Common Sense Central is edited by WISN's Dan O'Donnell. Dan provides unique conservative commentary and analysis of stories that the mainstream media...Full Bio

 

The Author's Prank

America is built on its traditions, and at no time of the year is this more apparent than Christmas, when shared customs passed down for generations form the basis of modern celebration. But one of America’s most beloved Christmas traditions arose almost by accident.

This is the Forgotten History of the Author’s Prank.

Young Washington always wanted to be a writer. Born in New York the same week his city learned of the final British surrender that ended the Revolutionary War, he was named after his mother’s beloved general.

Yet amid the fervent excitement of creating a new nation, young Washington preferred to escape to the adventure and mystery of his favorite English novels. He longed to write fiction and tell fantastical tales about America, especially the colony of New York he so adored.

Washington’s parents encouraged his writing, but were sensible enough to push him to pursue a career in the law just in case. A year after barely passing his bar examination, though, Washington grew tired of the tedium of his law practice and again dreamed of escaping to worlds of fantasy that he created.

He founded a satirical literary magazine in 1807 and even penned an essay giving New York City the nickname “Gotham,” from an old Anglo-Saxon word meaning “Goat’s Town.” His reputation as a writer was growing, but he still longed to write something bigger, something more fantastical.

In 1809, he authored his first book, a satirical look at his city entitled, “A History of New York: From the Beginning of the World to the End of the Dutch Dynasty.” But he didn’t publish it under his own name; he used the pseudonym Diedrich Knickerbocker. Shortly before the novel was to be published, Washington sought some publicity by taking out missing persons ads in several New York newspapers.

The prominent historian, Diedrich Knickerbocker, the ad explained, had vanished under mysterious circumstances from his hotel room in the city. All that was left of him was an unpublished manuscript that the hotel’s owner threatened to publish himself if Knickerbocker didn’t return and pay his bill.

The ads caused a sensation. Who was this famous historian and what did his manuscript say? An entire city wanted to know.

When Knickerbocker’s manuscript was finally published, it was an immediate blockbuster hit; so influencing New York’s culture that its inhabitants started referring to themselves as Knickerbockers. A century later, this nickname was even assigned to New York’s professional basketball team.

But New Yorkers were particularly enamored with Washington’s fantastical story of how the city was created. St. Nicholas, you see, came to its Dutch founder in a dream and told him where to build.

“The good St. Nicholas came riding over the tops of the trees, in that self-same wagon wherein he brings his yearly presents to children,” he wrote. And he descended hard by where the heroes of Communipaw had made their late repast. And he lit his pipe by the fire, and sat himself down and smoked; and as he smoked the smoke from his pipe ascended into the air, and spread like a cloud overhead.”
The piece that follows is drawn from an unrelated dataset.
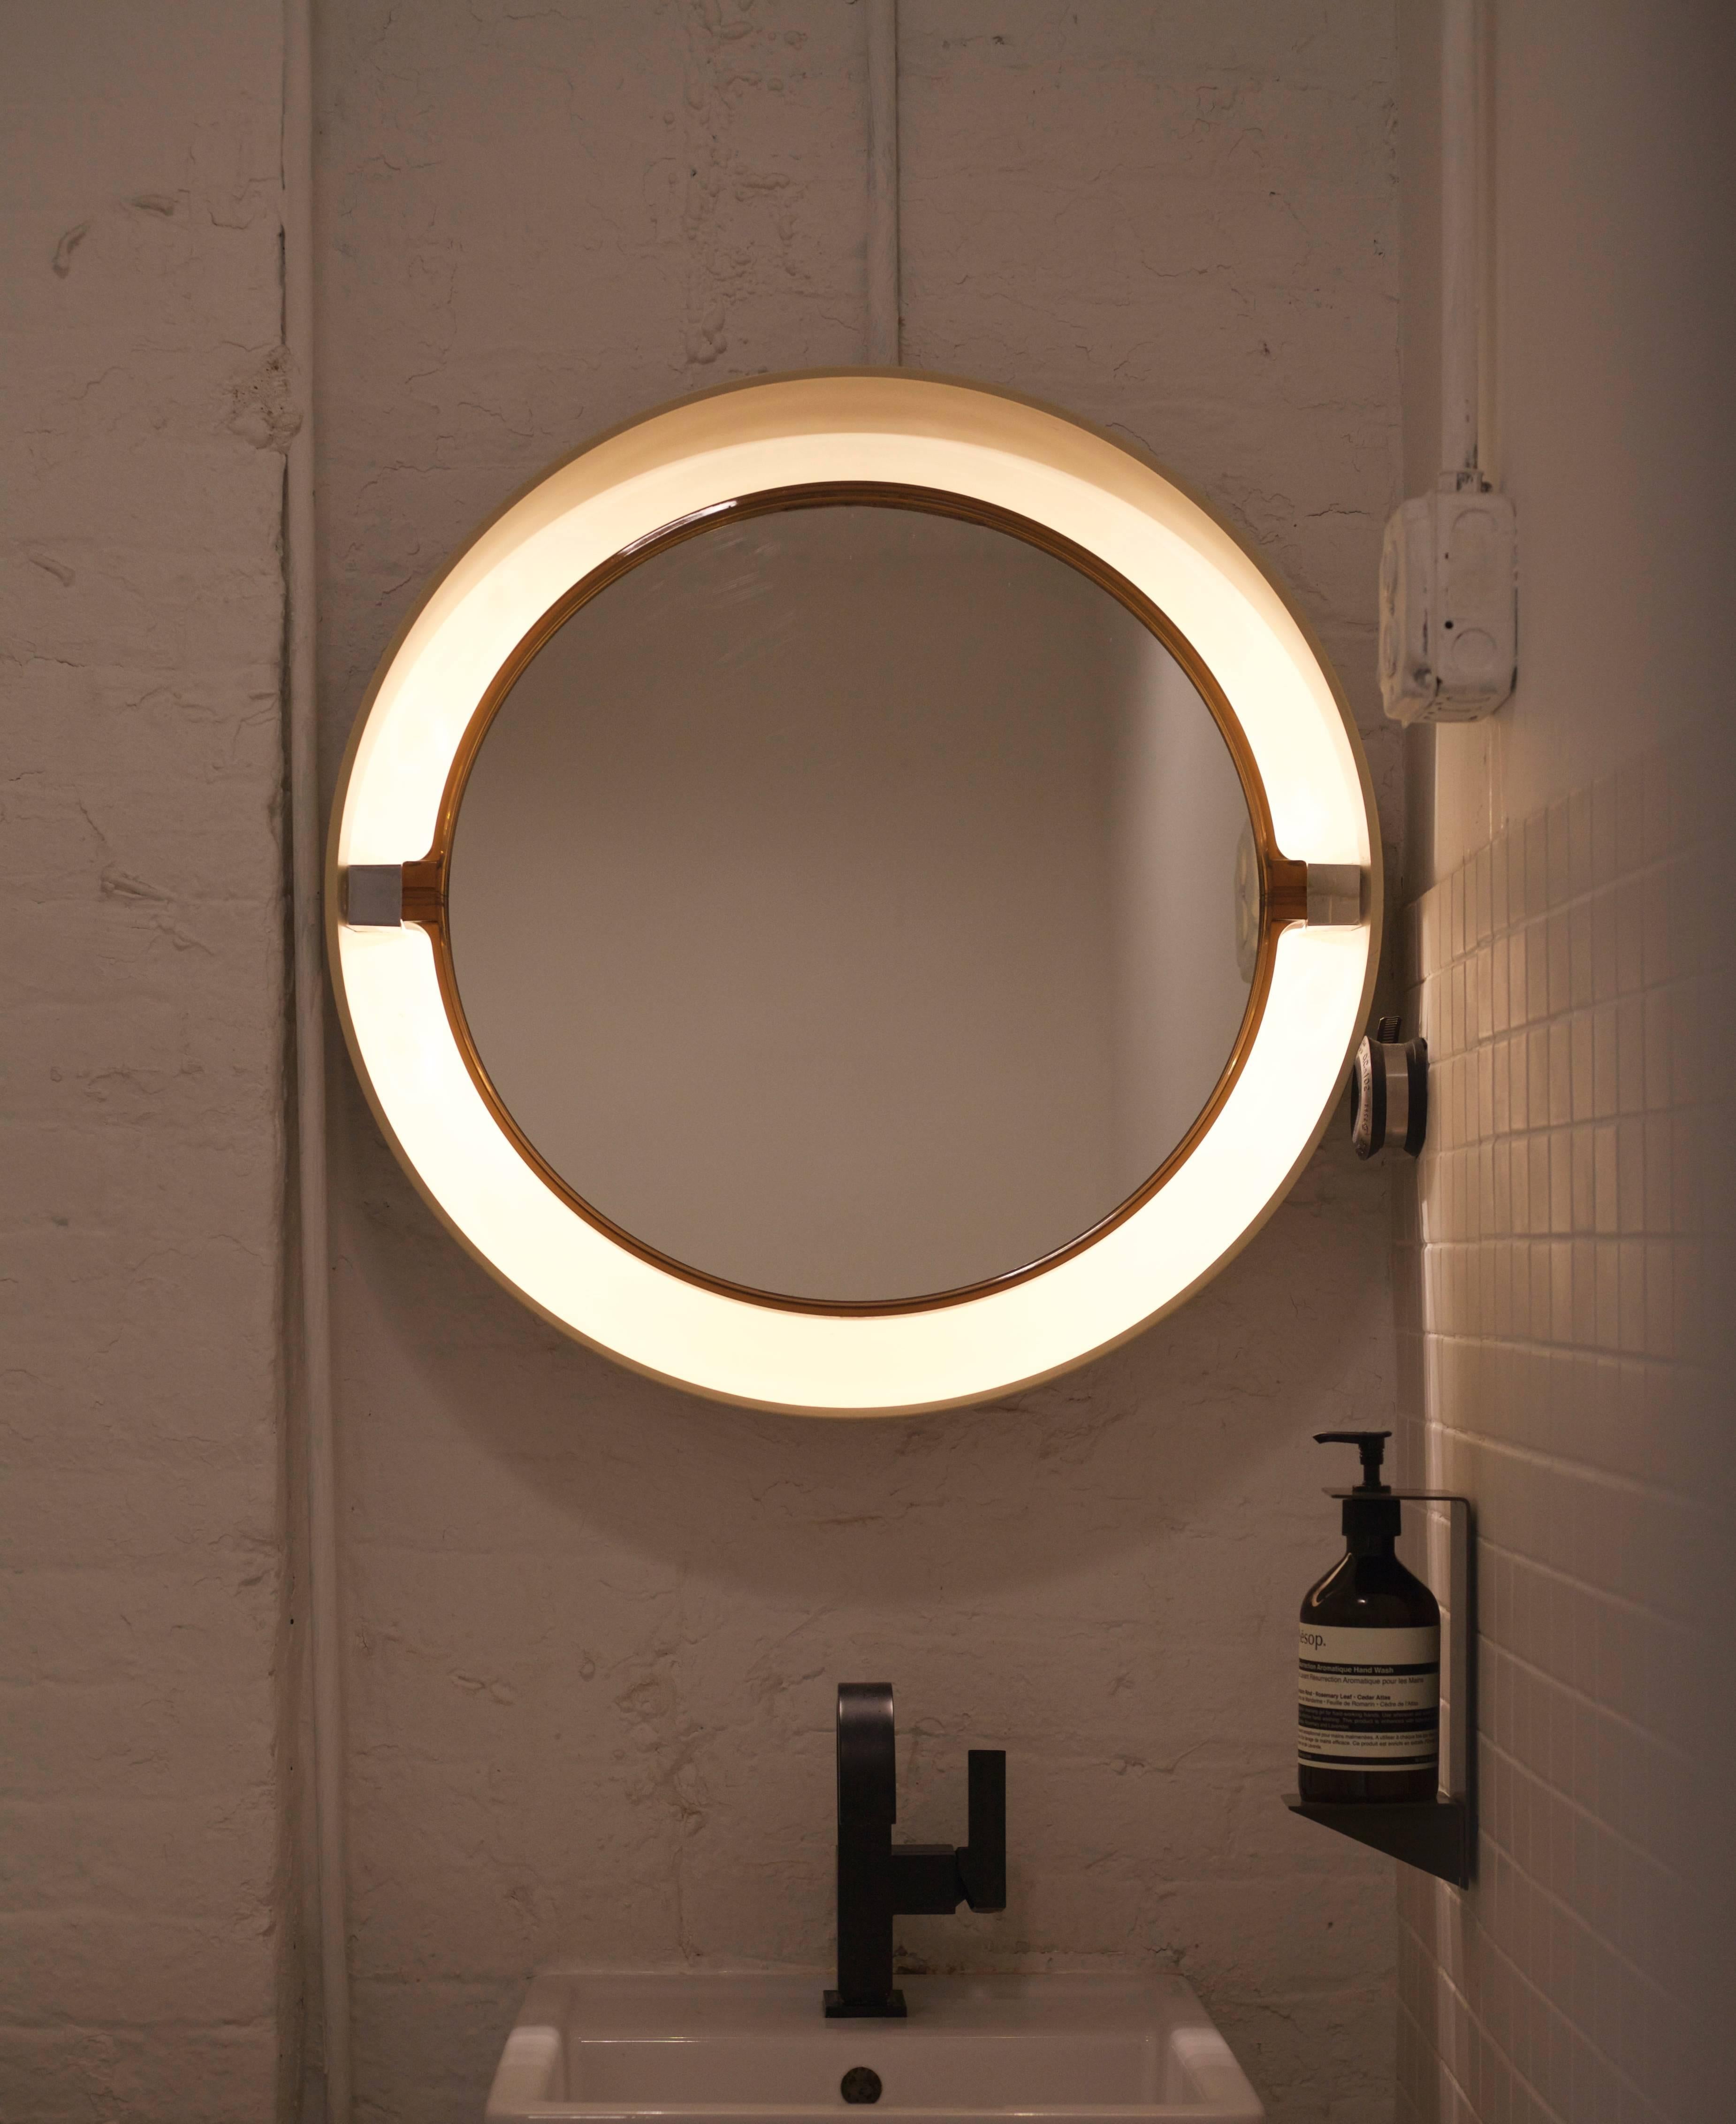 Unique light-up mirror with mirror on a two way swivel. Has euro plug.

St. Nicholas himself designated where New York City should stand, and it should spread as wide as the clouds of his pipe smoke over the treetops.
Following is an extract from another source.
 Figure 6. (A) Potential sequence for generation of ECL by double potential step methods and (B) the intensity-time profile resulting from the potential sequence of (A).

New Yorkers loved the story and were fascinated by the Dutch tradition in which St. Nicholas brought toys to children each year. They took up the tradition themselves, and St. Nicholas started bringing presents to New York’s children each year on the day Washington’s novel was published—the day St. Nicholas still comes today, December 6th.

Young Washington Irving was soon revealed to be the author of the “Knickerbocker’s History of New York,” and his name became world-famous with the publication of his short stories “The Legend of Sleepy Hollow” and “Rip Van Winkle,” which appeared in a collection of his essays entitled “The Sketch Book of Geoffrey Crayon, Gentleman.”

While these two stories were the most popular, the most influential in the book were four essays he wrote about Christmas, in which he described celebrations of Christmas Eve, Christmas Day, and Christmas Dinner in the old tradition. People loved them and incorporated them in their own celebrations. Christmas, which for years hadn’t been a big holiday in America, was on its way to becoming the nation’s biggest holiday.

And several decades later, when another author, Clement C. Moore, adapted Washington’s description of St. Nicholas into his own work, “A Visit from St. Nicholas,” the beloved saint, who also became known as Santa Claus, started delivering gifts to children on Christmas Eve.

It became one of America’s most beloved Christmas traditions, if not its most beloved tradition, and in a very real way, it all began with Washington Irving’s prank.